Further Disclosure on Zerocoin vulnerability

By April 26, 2019 No Comments

Update 20 January 2020:

The window of conversion of Zerocoin mints to Sigma has ended and we are now able to calculate the total damage from this attack.

While a total of 66,996 XZC was forged through this vulnerability, some of these coins were immediately reminted into Zerocoin. As the attack had a specific signature, we were able to blacklist these mints and did not allow them to be converted into Sigma mints.

As such the total damage from this attack is 54,321 XZC.

Following our earlier announcement, we wish to disclose further details on the Zerocoin vulnerability that we discovered to provide additional information on the situation as details have begun to emerge online.

9th April: Our warning systems alerted us of irregularities in the mint and spend patterns of the 100 XZC denomination. We immediately contacted pools to disable Zerocoin spends while we investigated the issue and informed exchanges as well.

On the same date, we informed PIVX, Veil, and Gravity Coin (projects that utilize Zerocoin) of these irregularities and that we recommended disabling Zerocoin until the root cause was found.

16th April: We posted an announcement on our blog informing users that Zerocoin was disabled.

17th April: We made disclosures to Navcoin (who was developing a Zerocoin variant called ZeroCT on their testnet) and NIX. We created a private Slack working group with Veil, PIVX, Navcoin, and NIX to work on finding the flaw.

19th April: Our core developer Peter Shugalev found the root cause of the issue and confirmed that it was a failure in the cryptography of the Zerocoin protocol and that it affected all Zerocoin implementations. We disclosed the part of the Zerocoin proof that was flawed to the above-mentioned  teams and how the forgery worked on a high level. We also informed Ian Miers, one of the authors of Zerocoin who also disclosed it to Matthew Green.

24th April: We released an emergency update to plug any remaining attack vectors, disclosed full details of how the attack was carried out to the other projects, and outlined a potential fix to the proof in the private Slack working group.

What we can tell you

  • Forged coins were created, but not exceeding 1% of the circulating supply. We will release further details on exact numbers when Sigma is released.
  • The issue was not from a coding error, but from a cryptographic flaw in one of the proofs in the Zerocoin protocol that has existed since its inception.
  • Although we believe that Zerocoin can be fixed given sufficient time, we have decided not to dedicate further resources to it. This is in line with our roadmap to transition away from Zerocoin to Sigma, which has no trusted setup, security proofs for all its proof systems, and it has a much simpler construction along with its performance benefits.

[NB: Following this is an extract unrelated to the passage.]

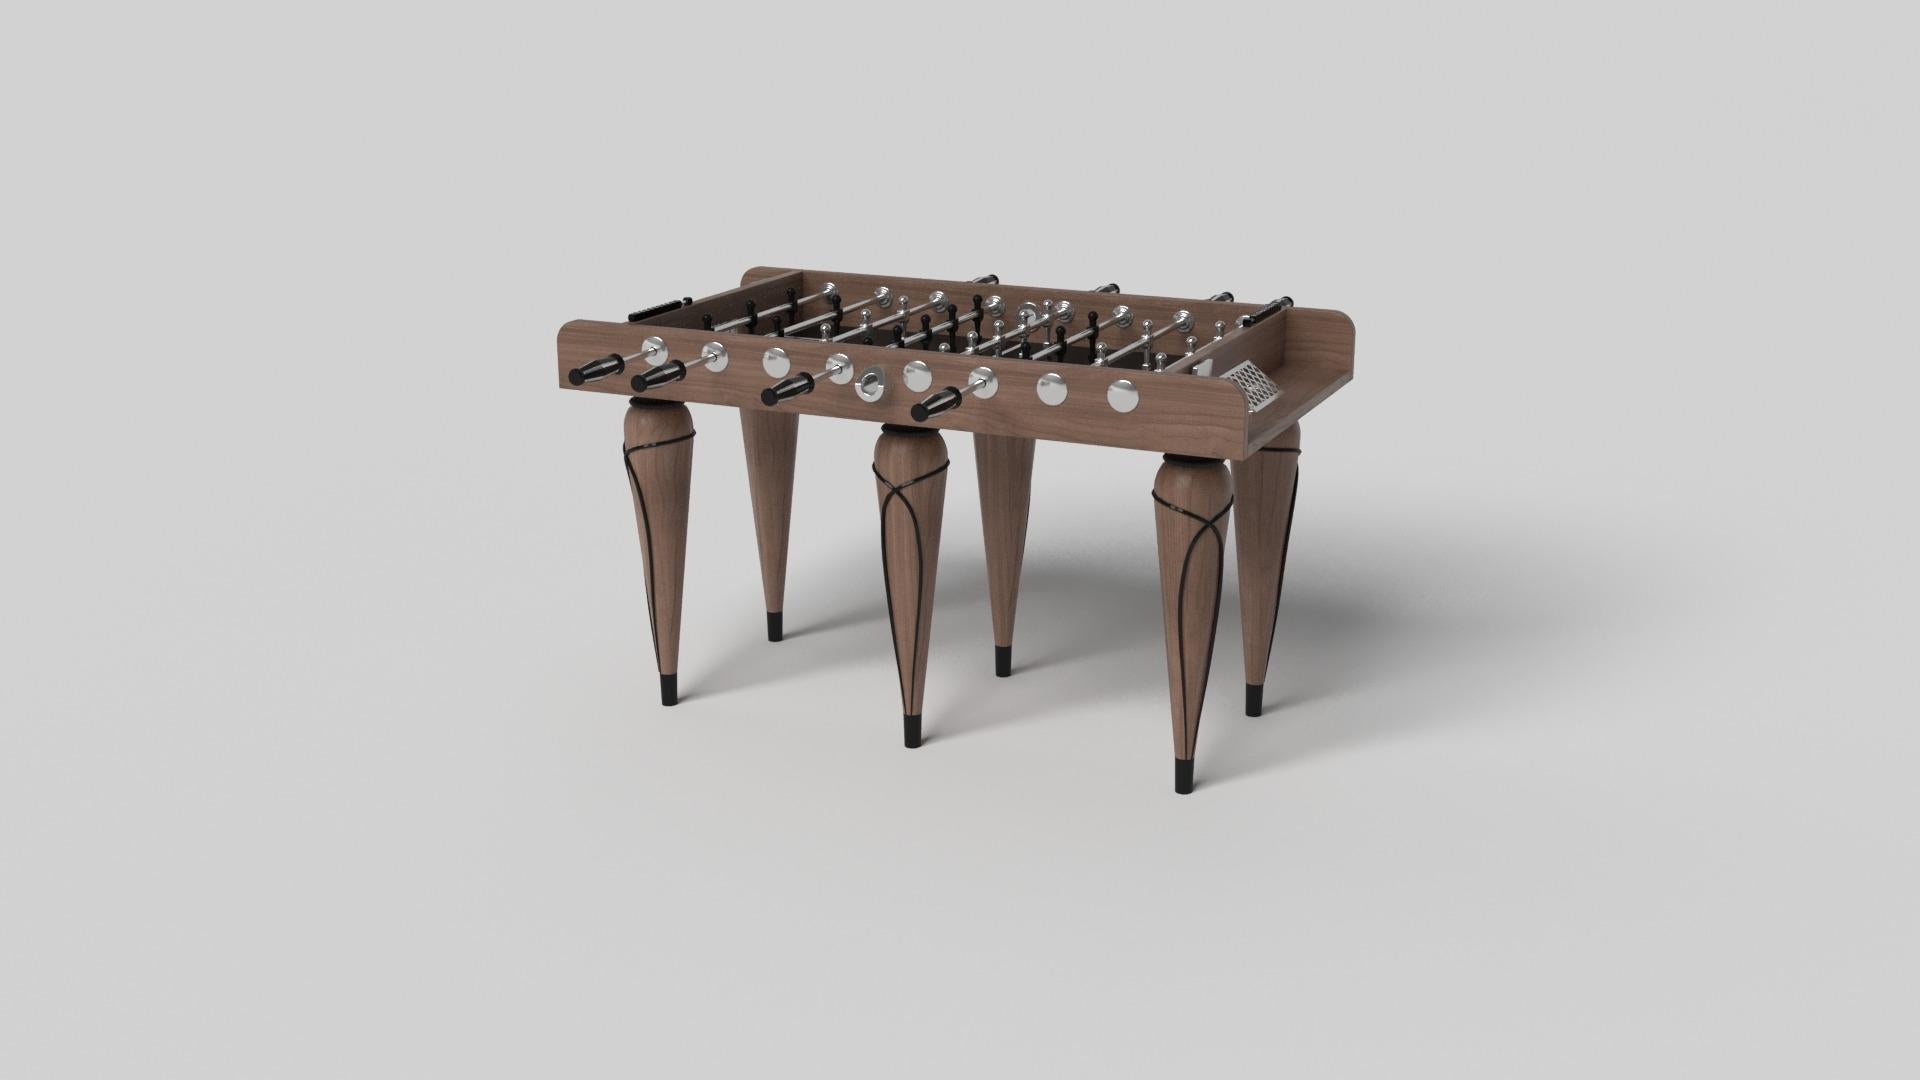 Champagne gold accents add undeniable elegance to this luxury foosball table. Offering superior playability and uncompromised style, this design features hand carved details, decorative metal elements, and metal sabots at the bottom of each leg. The

What we will tell you later, once projects have had time to secure themselves

  • Full description of the cryptographic flaw
  • The exact amount of damage (as mentioned above)
  • How to recover existing Zerocoin mints that remain unspent

What’s Next?

  • The Zcoin team has been working on replacing Zerocoin since early 2018 with Sigma and we are now in the final stages of releasing it on testnet. We aim to launch Sigma on main net in around 6 weeks
  • Sigma security proofs are fully documented with a much simpler construction making it easier to audit
  • Sigma’s construction does not suffer from the same flaw as the Zerocoin protocol
  • Sigma removes the trusted setup and brings down proof sizes from 25 kB to 1.5 kB

We held back on making a wider announcement earlier because:

  • Some projects still remain vulnerable, and it is not easy  for them to disable Zerocoin if they don’t have sporks
  • Disclosing that it’s a Zerocoin cryptographic flaw can give a potential attacker clues to where to look for the flaw in order to exploit it
  • Some projects are still exploring to see if Zerocoin can be fixed. Some have spent significant time in improving and expanding the Zerocoin protocol, and we wanted to give them time to evaluate their next steps before declaring Zerocoin broken

Premature public disclosure has necessitated a statement from us.

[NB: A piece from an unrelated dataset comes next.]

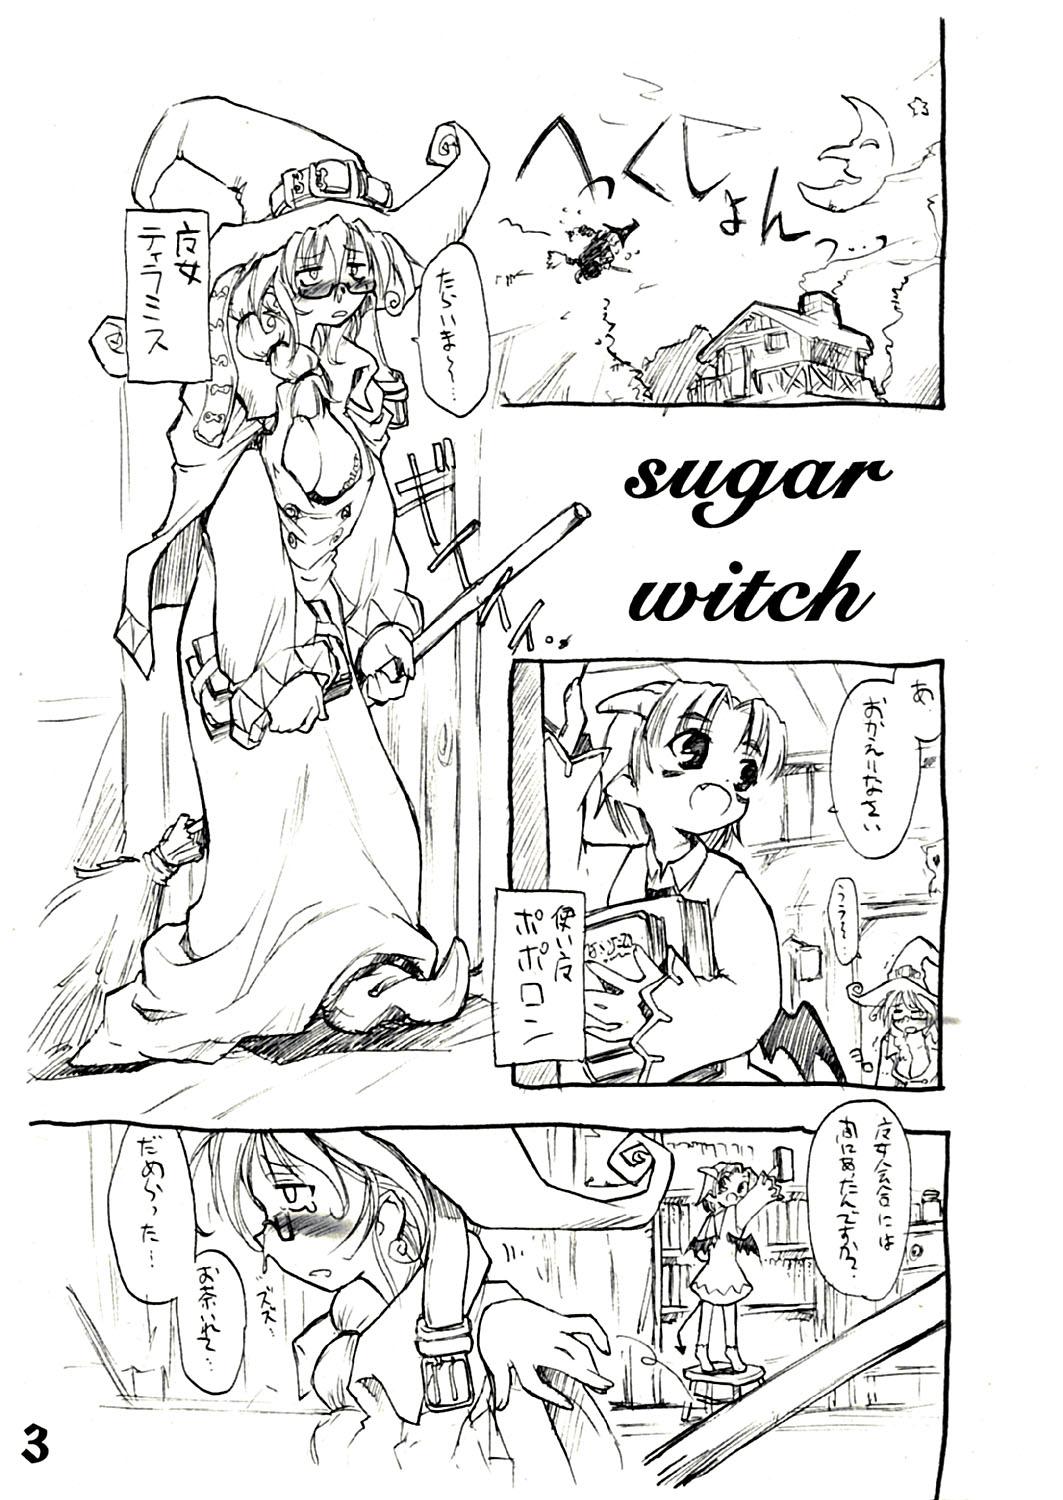 Family Sex SUGAR WITCH Exposed - Page 3

We strongly recommend that the full details of the attack that Zcoin disclosed to trusted projects and individuals to be kept private until projects utilizing the Zerocoin protocol have been given sufficient time to secure themselves. We recommend any Zerocoin projects who need further details on the flaw to contact us using their official project e-mail to [email protected] If you wish to communicate via PGP, Reuben’s PGP fingerprint is FE90742A2CEB91F1.

Special thanks to Peter Shugalev and the rest of the Zcoin team who worked tirelessly for more than week, sacrificing much sleep and rest to identify and mitigate the issue.